Data Types: `double`

Data used for clustering, returned as a numeric matrix. Rows correspond to observations, and columns correspond to variables. If the clustering evaluation object is compact (see `compact`), then `X` is empty.

Data Types: `single` | `double`

## Object Functions

 `addK` Evaluate additional numbers of clusters `compact` Compact clustering evaluation object `plot` Plot clustering evaluation object criterion values

## Examples

collapse all

Evaluate the optimal number of clusters using the Calinski-Harabasz clustering evaluation criterion.

Load the `fisheriris` data set. The data contains length and width measurements from the sepals and petals of three species of iris flowers.

`load fisheriris`

Evaluate the optimal number of clusters using the Calinski-Harabasz criterion. Cluster the data using `kmeans`.

```rng("default") % For reproducibility evaluation = evalclusters(meas,"kmeans","CalinskiHarabasz","KList",1:6)```
```evaluation = CalinskiHarabaszEvaluation with properties: NumObservations: 150 InspectedK: [1 2 3 4 5 6] CriterionValues: [NaN 513.9245 561.6278 530.4871 456.1279 469.5068] OptimalK: 3 ```

The `OptimalK` value indicates that, based on the Calinski-Harabasz criterion, the optimal number of clusters is three.

Plot the Calinski-Harabasz criterion values for each number of clusters tested.

`plot(evaluation)`

The plot shows that the highest Calinski-Harabasz value occurs at three clusters, suggesting that the optimal number of clusters is three.

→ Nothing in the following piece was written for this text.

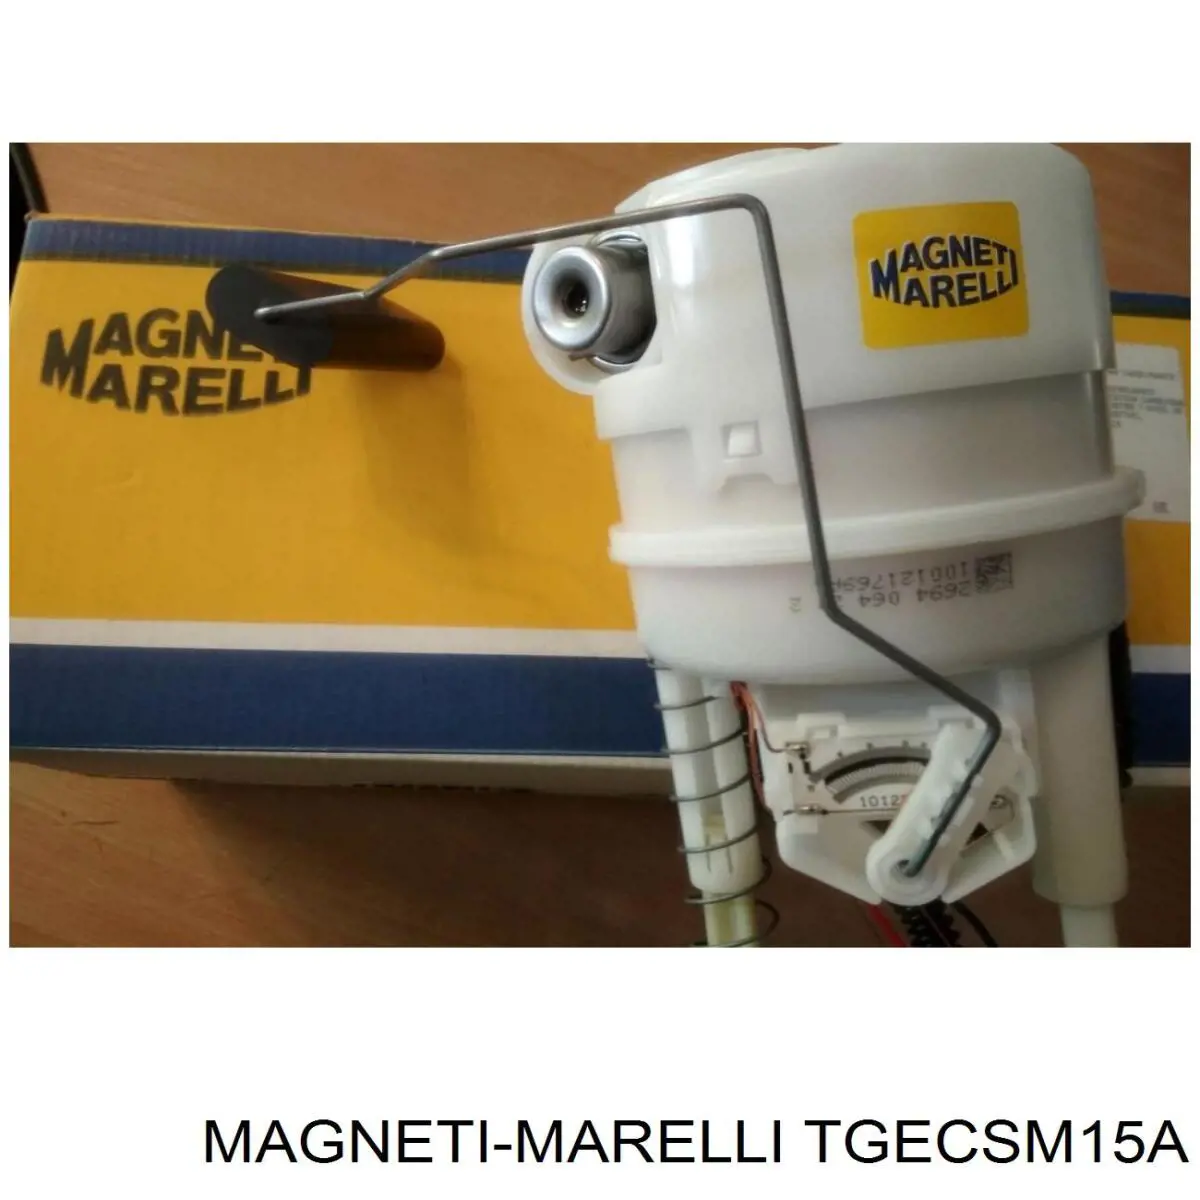 TGECSM15A Magneti Marelli motor del limpiaparabrisas del parabrisas
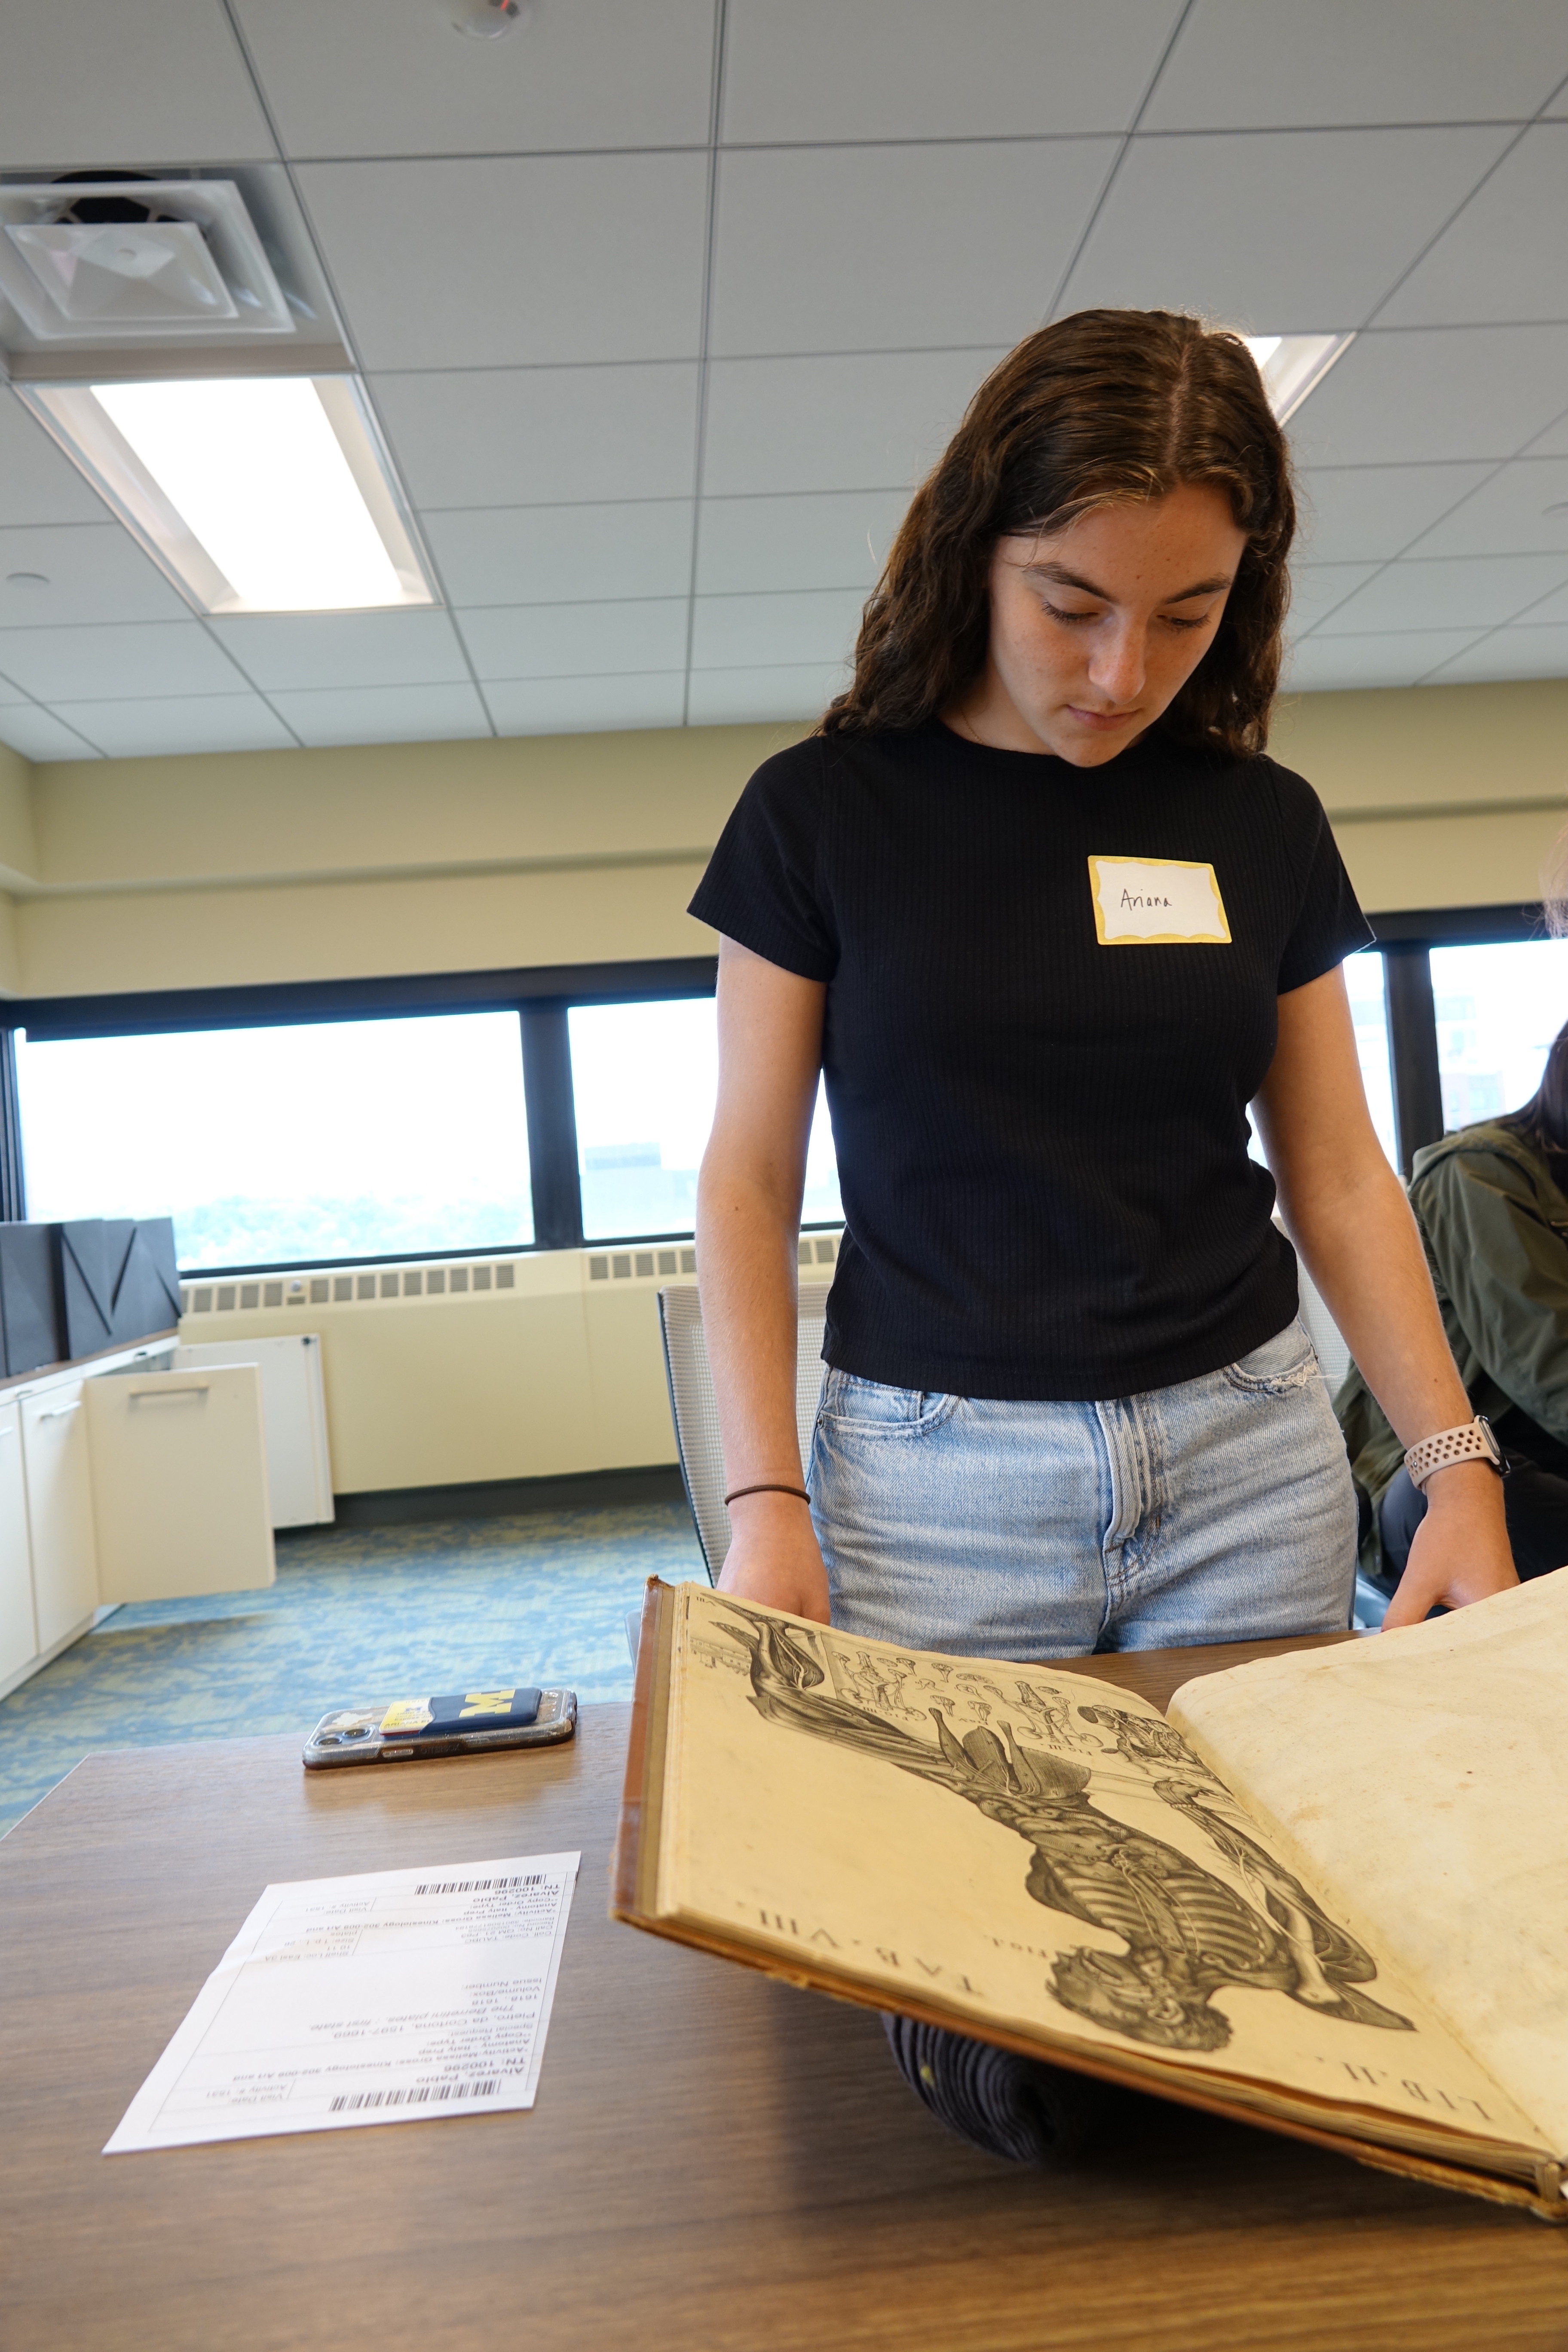 Ariana Ravitz looking at ancient anatomy books

Create a grouped scatter plot to examine the relationship between petal length and width. Group the data by suggested clusters.

```PetalLength = meas(:,3); PetalWidth = meas(:,4); clusters = evaluation.OptimalY; gscatter(PetalLength,PetalWidth,clusters,[],"xod");```

The plot shows cluster 3 in the lower-left corner, completely separated from the other two clusters. Cluster 3 contains flowers with the smallest petal widths and lengths. Cluster 1 is in the upper-right corner, and contains flowers with the largest petal widths and lengths. Cluster 2 is near the center of the plot, and contains flowers with measurements between these two extremes.